The Court of Appeal yesterday lowered the damages a woman must pay a private investigator whom she accused of blackmail - and with whom she had a sexual relationship after hiring him to find out whether her lover was having an affair.
The court lowered the amount she must pay from HK$600,000 to HK$200,000. However, it dismissed all other grounds in her appeal. She must still pay HK$75,000 in special damages that were previously awarded to the private investigator.
The woman, identified only as T in court, had been the mistress of a wealthy businessman and had two children with him. In 2005, she suspected he was having an affair and hired an investigator, Shiu Wai-tuen, to find out. Later, T, then aged 43, halted the investigation and started a sexual relationship with Shiu, who was then in his mid-20s, which lasted until 2007. During their relationship, she gave him HK$17.8 million.

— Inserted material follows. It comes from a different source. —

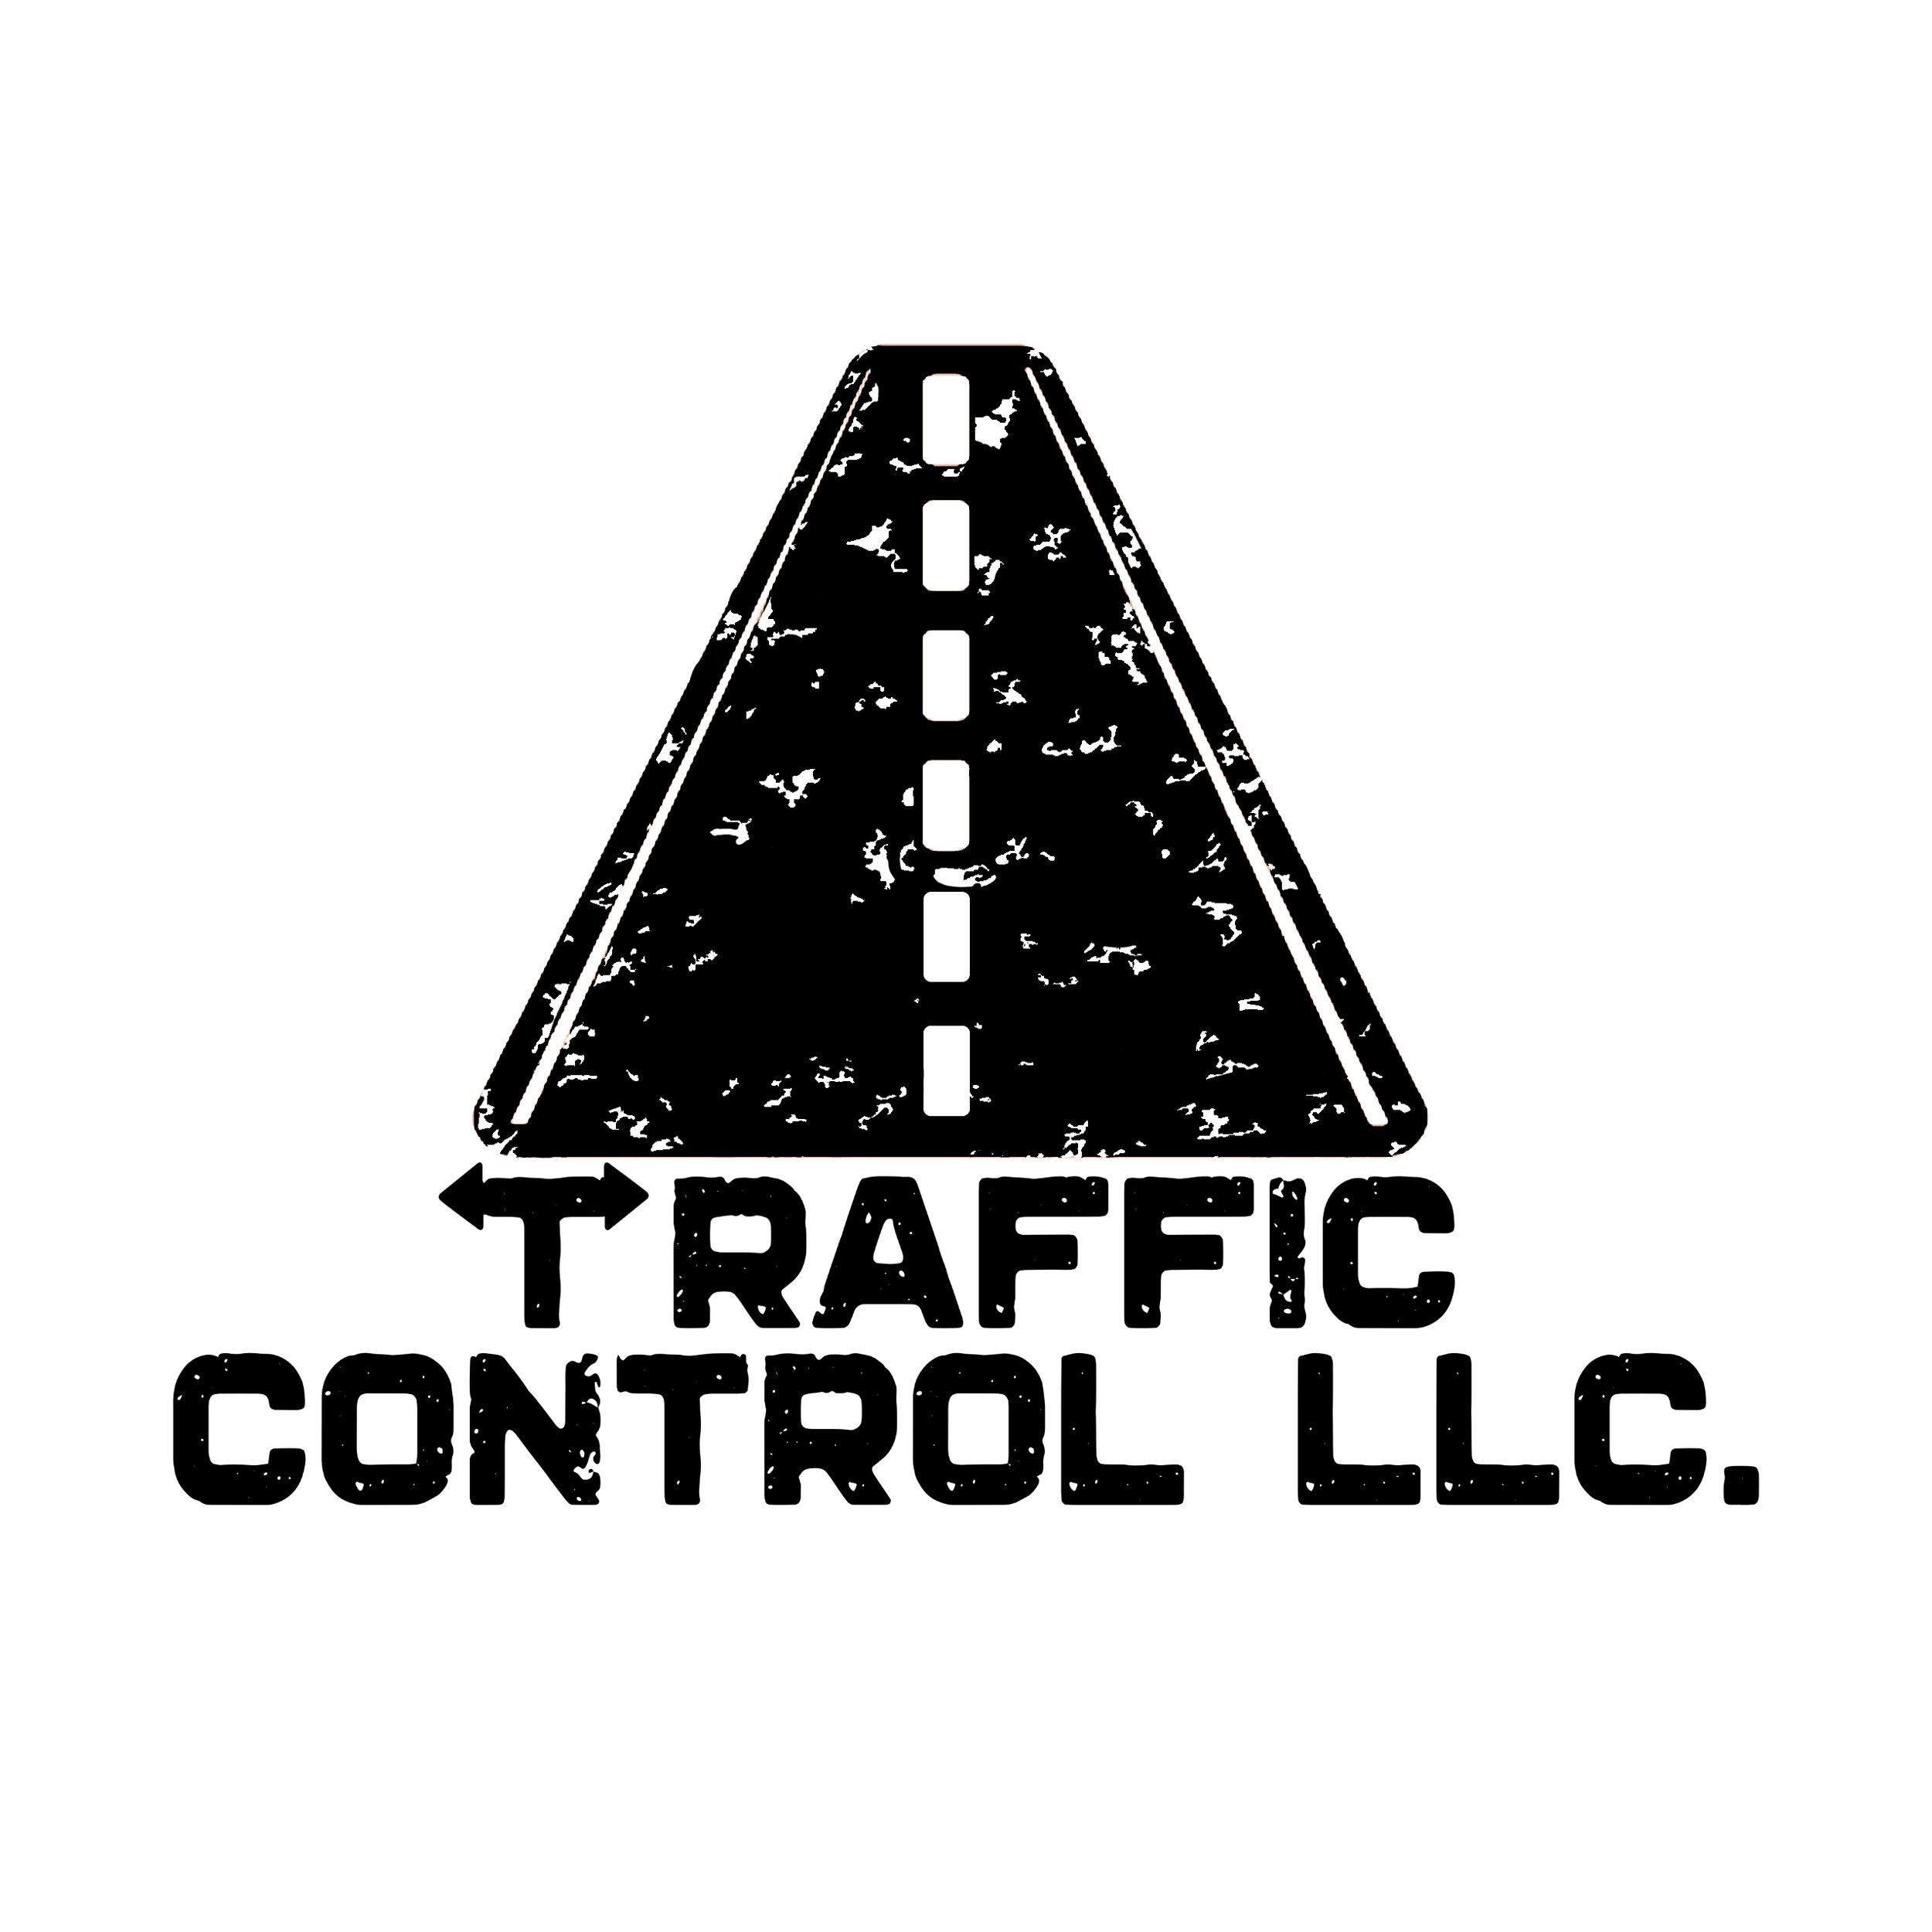 Traffic Control Llc.jpg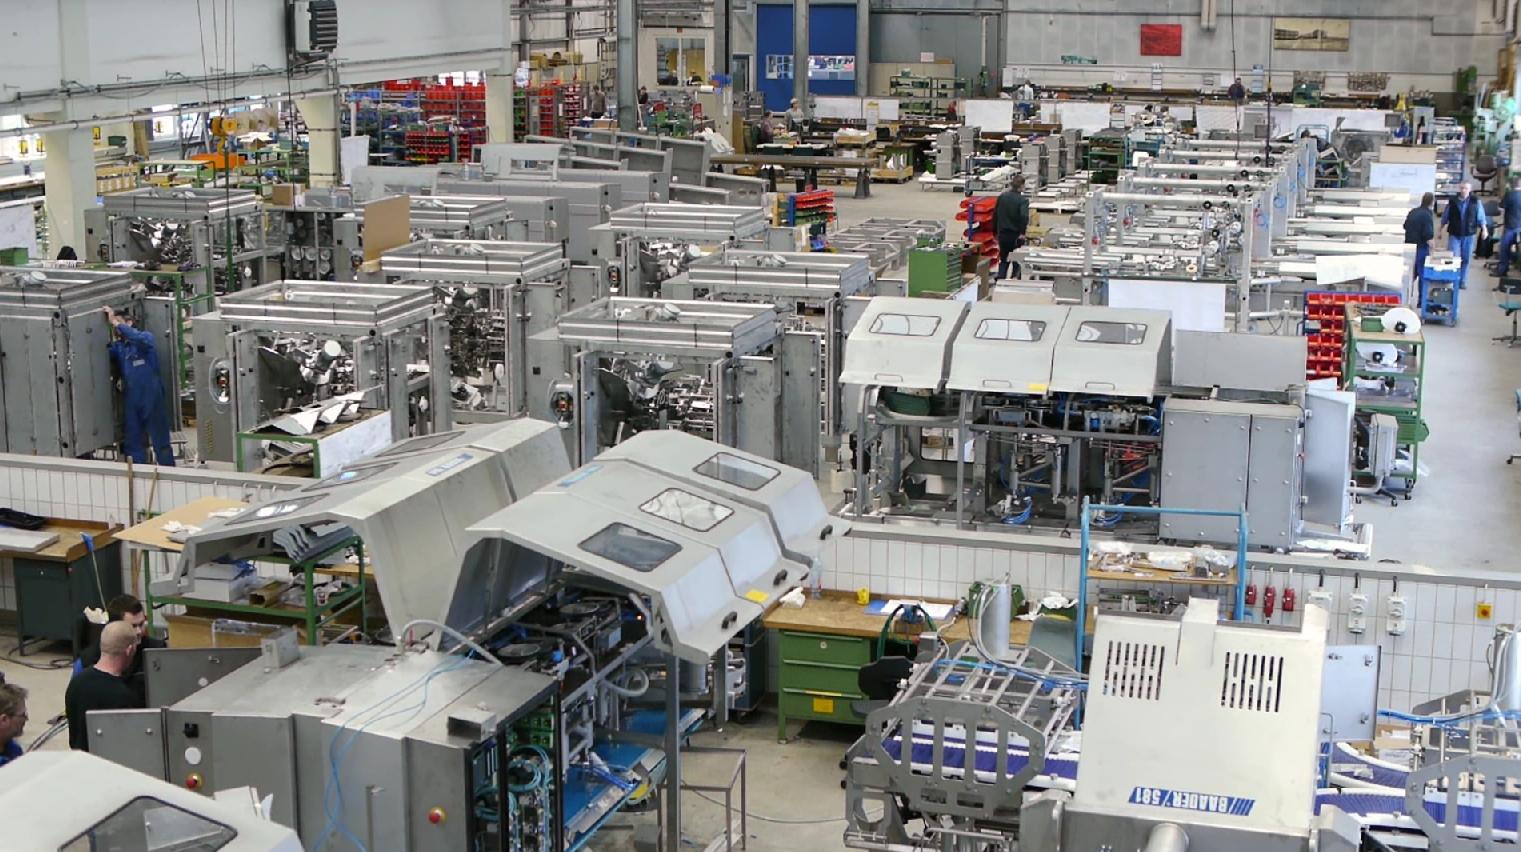 Nordischer Maschinenbau Rudolf Baader GmbH & Co. KG

T claimed she gave Shiu the money in part as loans, and in part because Shiu threatened to show the businessman video recordings of them having sex. But Shiu said T had given him the money as gifts and denied having to pay T back.
T sued Shiu to repay the HK$17.8 million sum but a court dismissed her claim. Instead, it backed Shiu's assertion that T had engaged in malicious prosecution against him.
The appeal court said the judge had been 'entirely correct in ruling that all the ingredients of malicious prosecution have been proved'.